→ YOUR TASK:
Begin the copy at the line containing "The local church near Larkworthy Farm" in the data below and end it at the line containing "Soul Mate Noun", keeping each line exact and leaving out pictures.

→ DATA IN THIS EXERCISE:
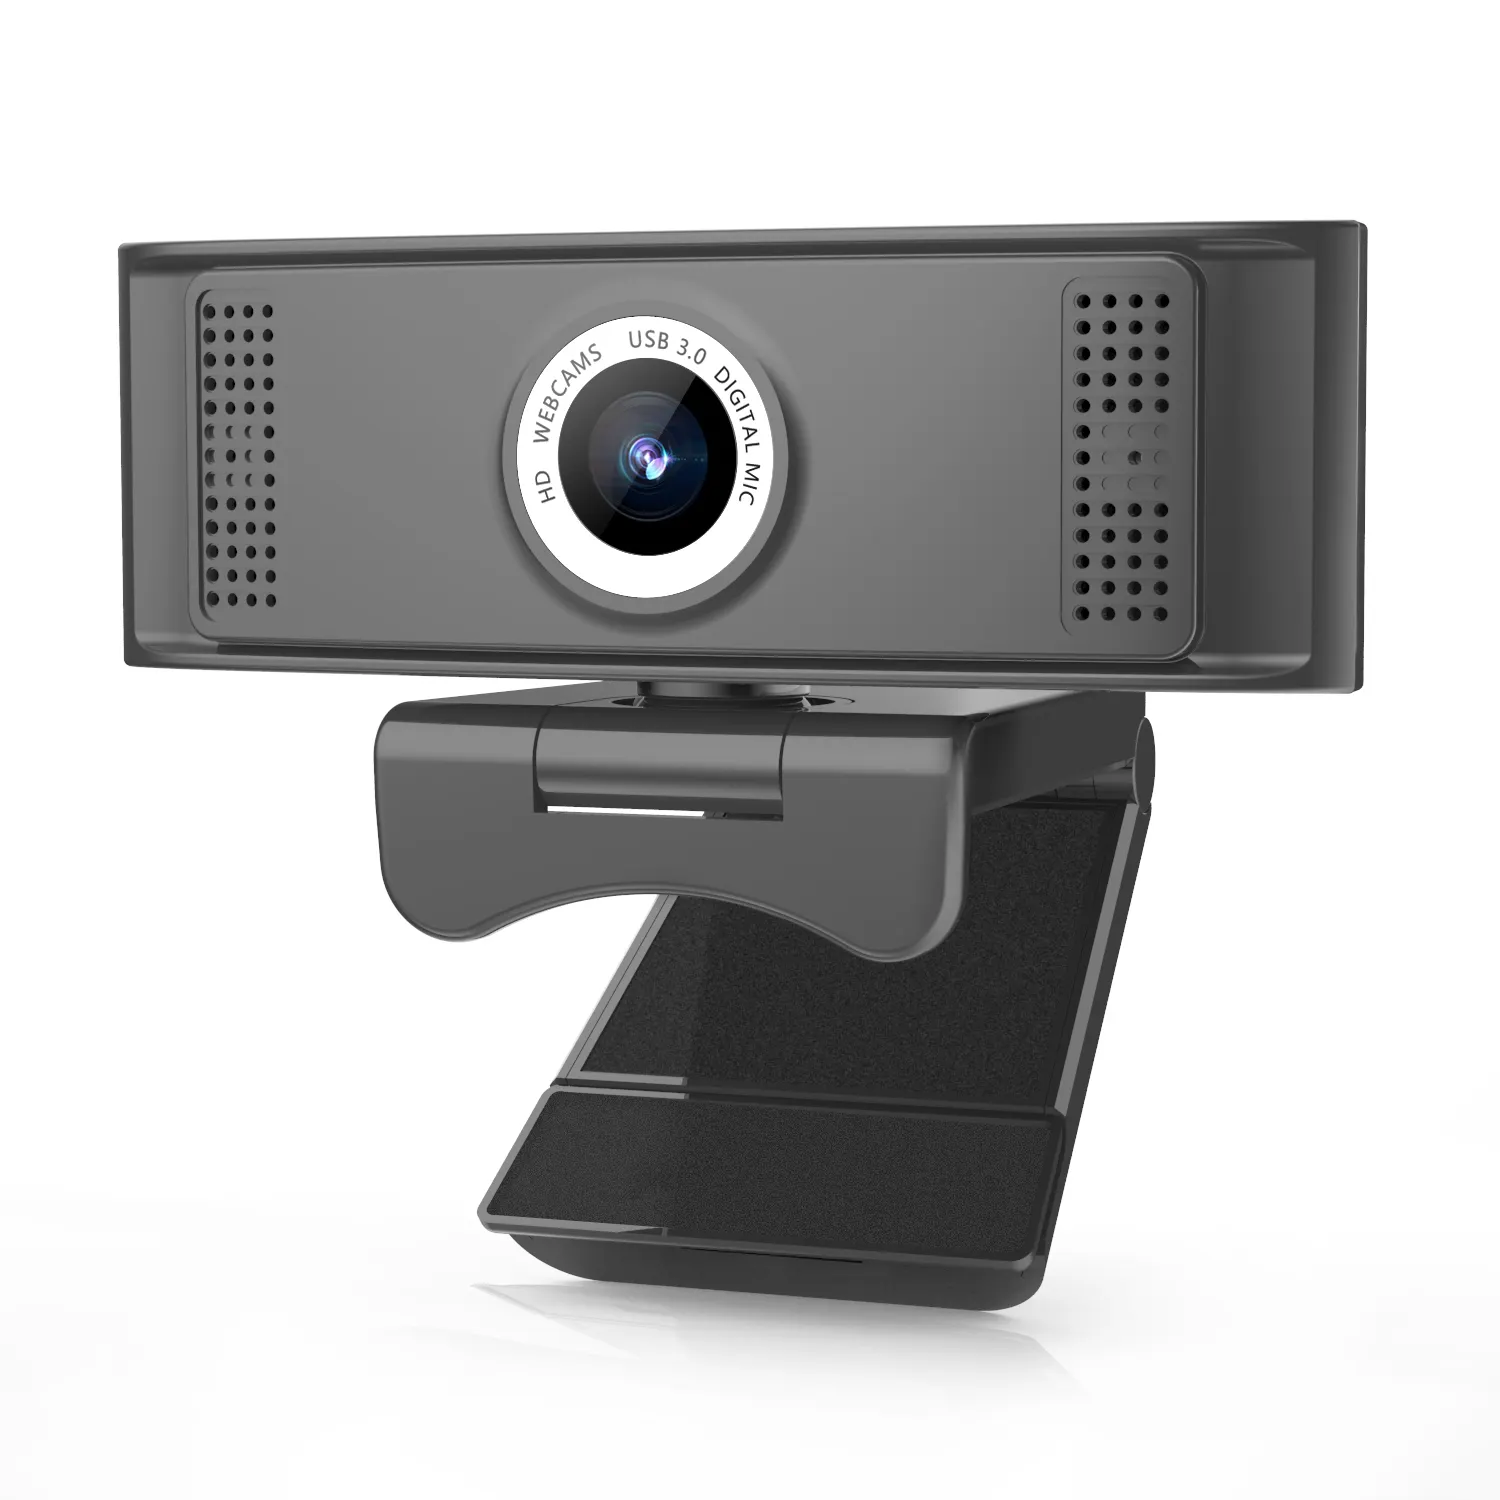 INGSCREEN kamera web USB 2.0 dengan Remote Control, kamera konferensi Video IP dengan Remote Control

--

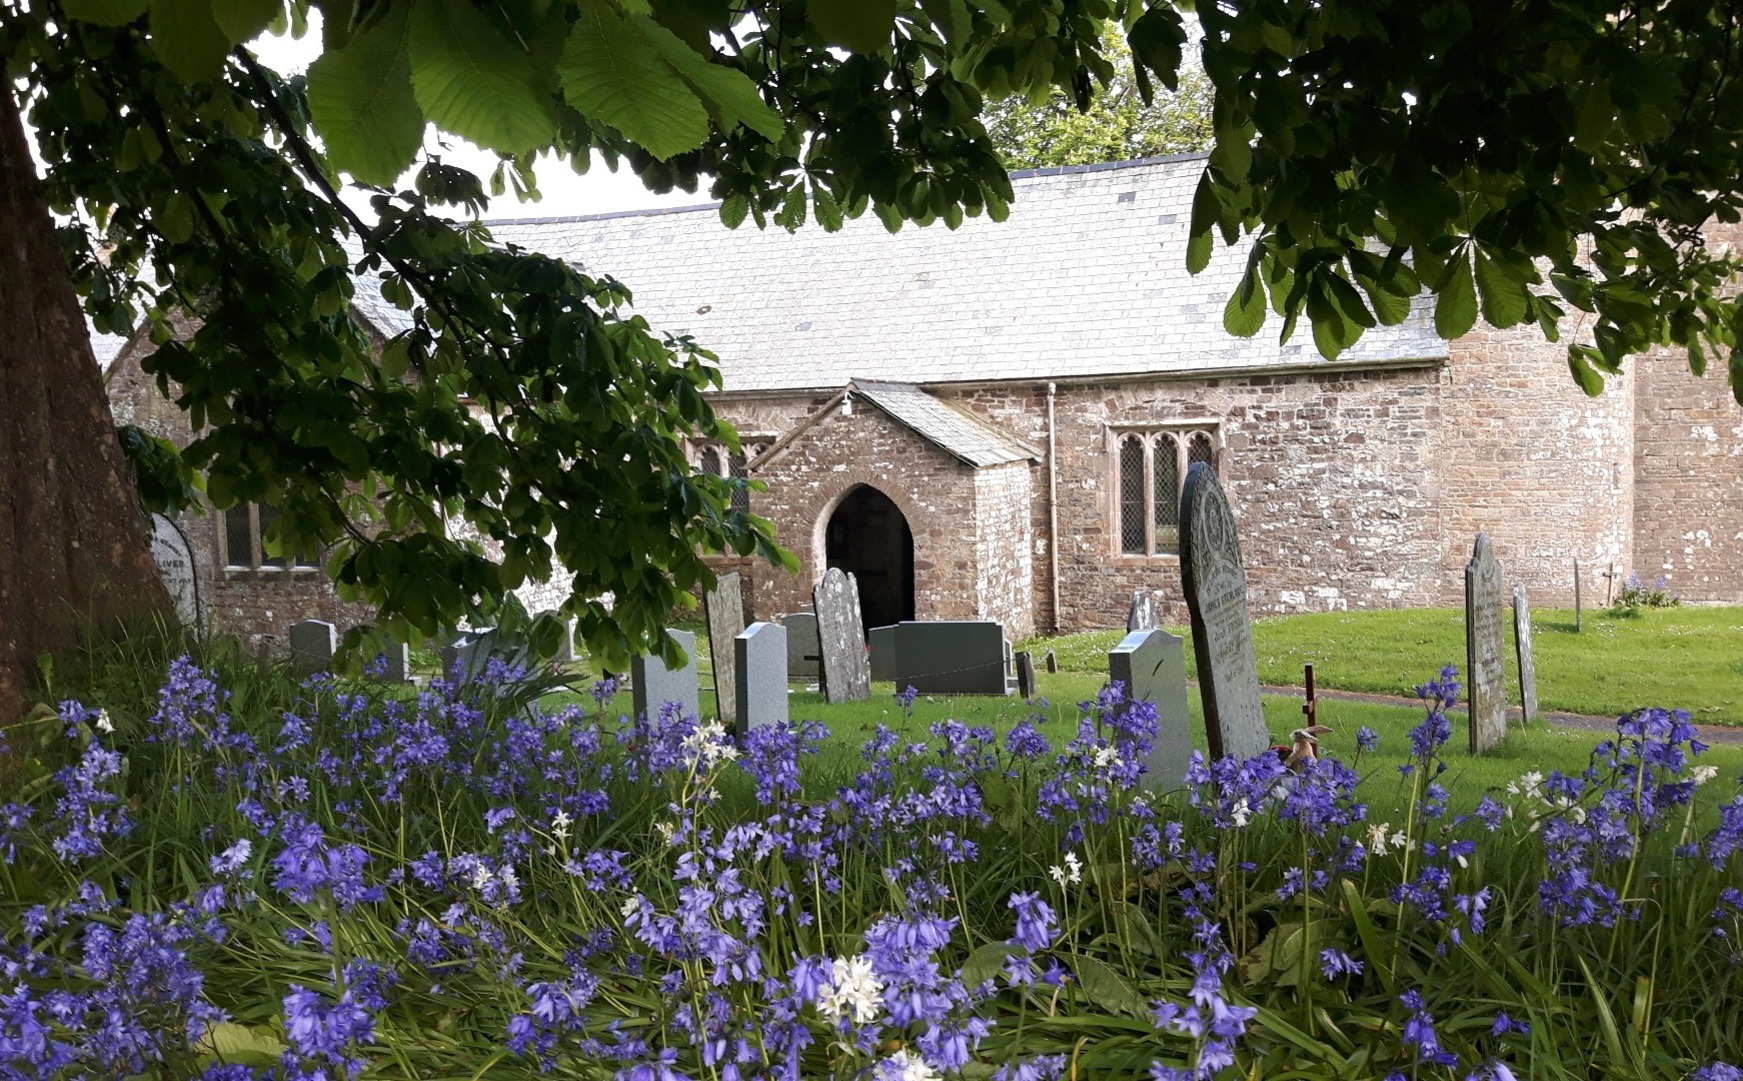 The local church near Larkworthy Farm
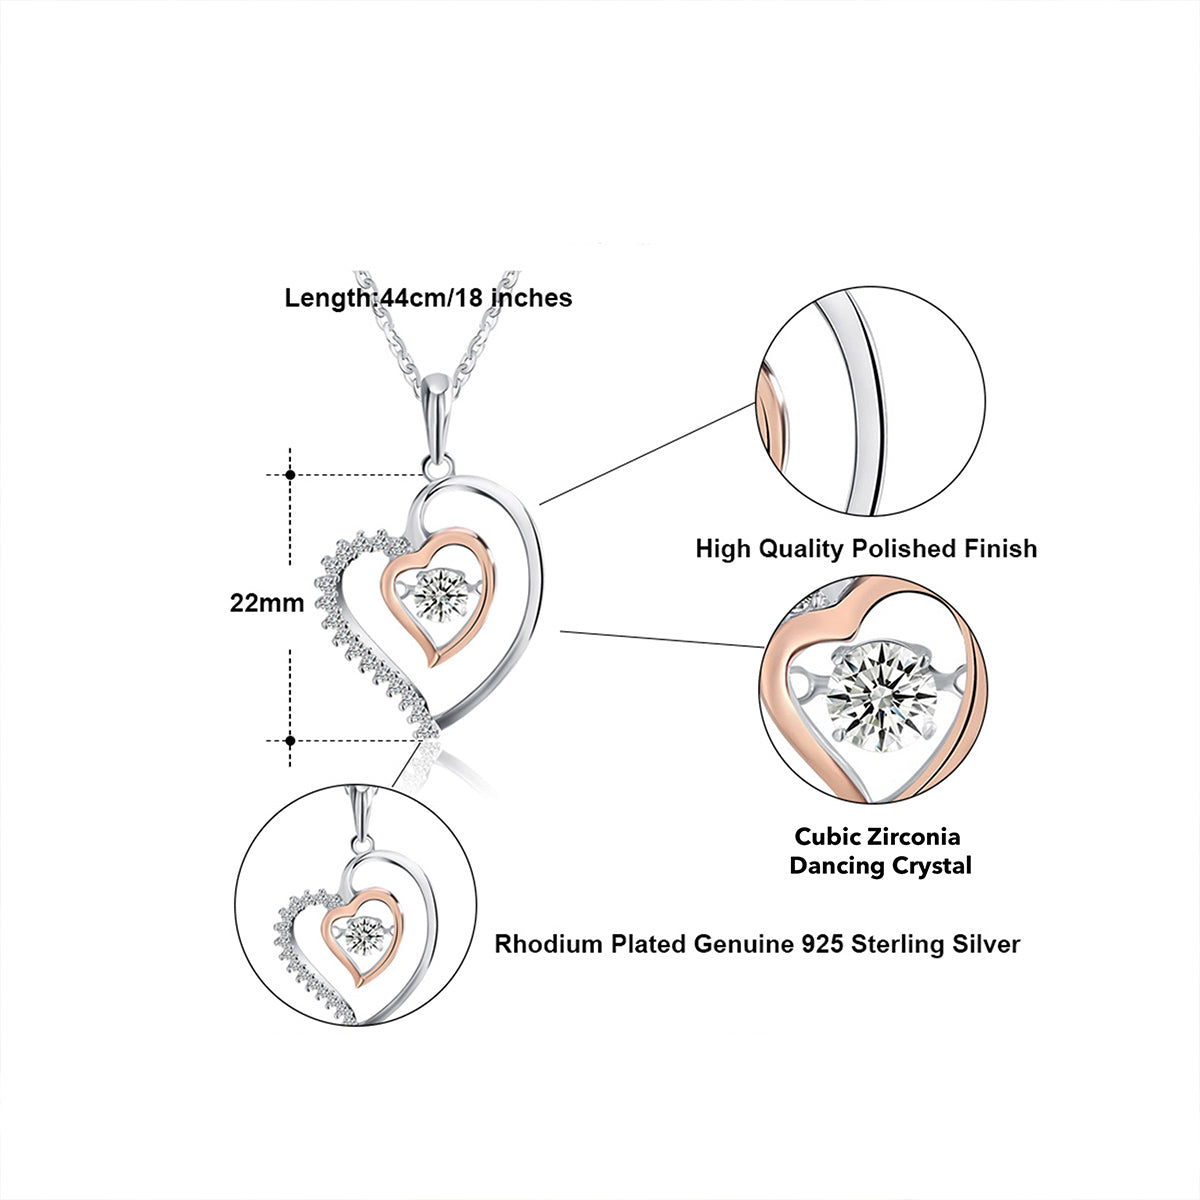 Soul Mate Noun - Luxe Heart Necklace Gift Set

---

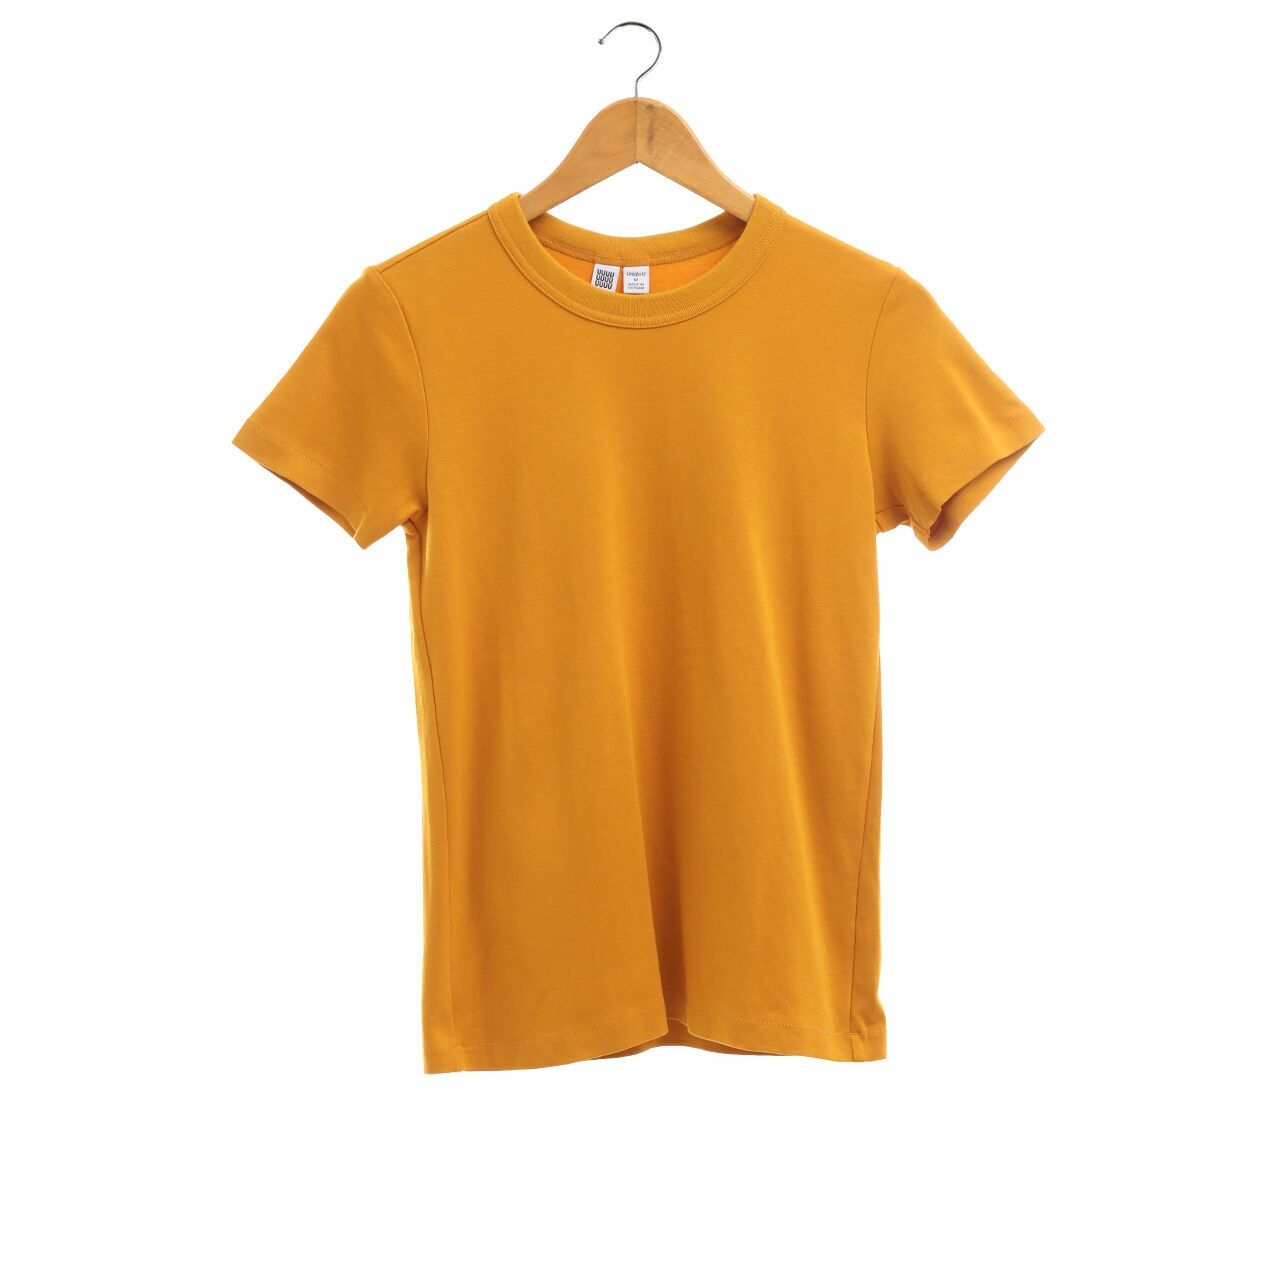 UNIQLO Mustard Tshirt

→ ANSWER BOX:
 The local church near Larkworthy Farm
 Soul Mate Noun - Luxe Heart Necklace Gift Set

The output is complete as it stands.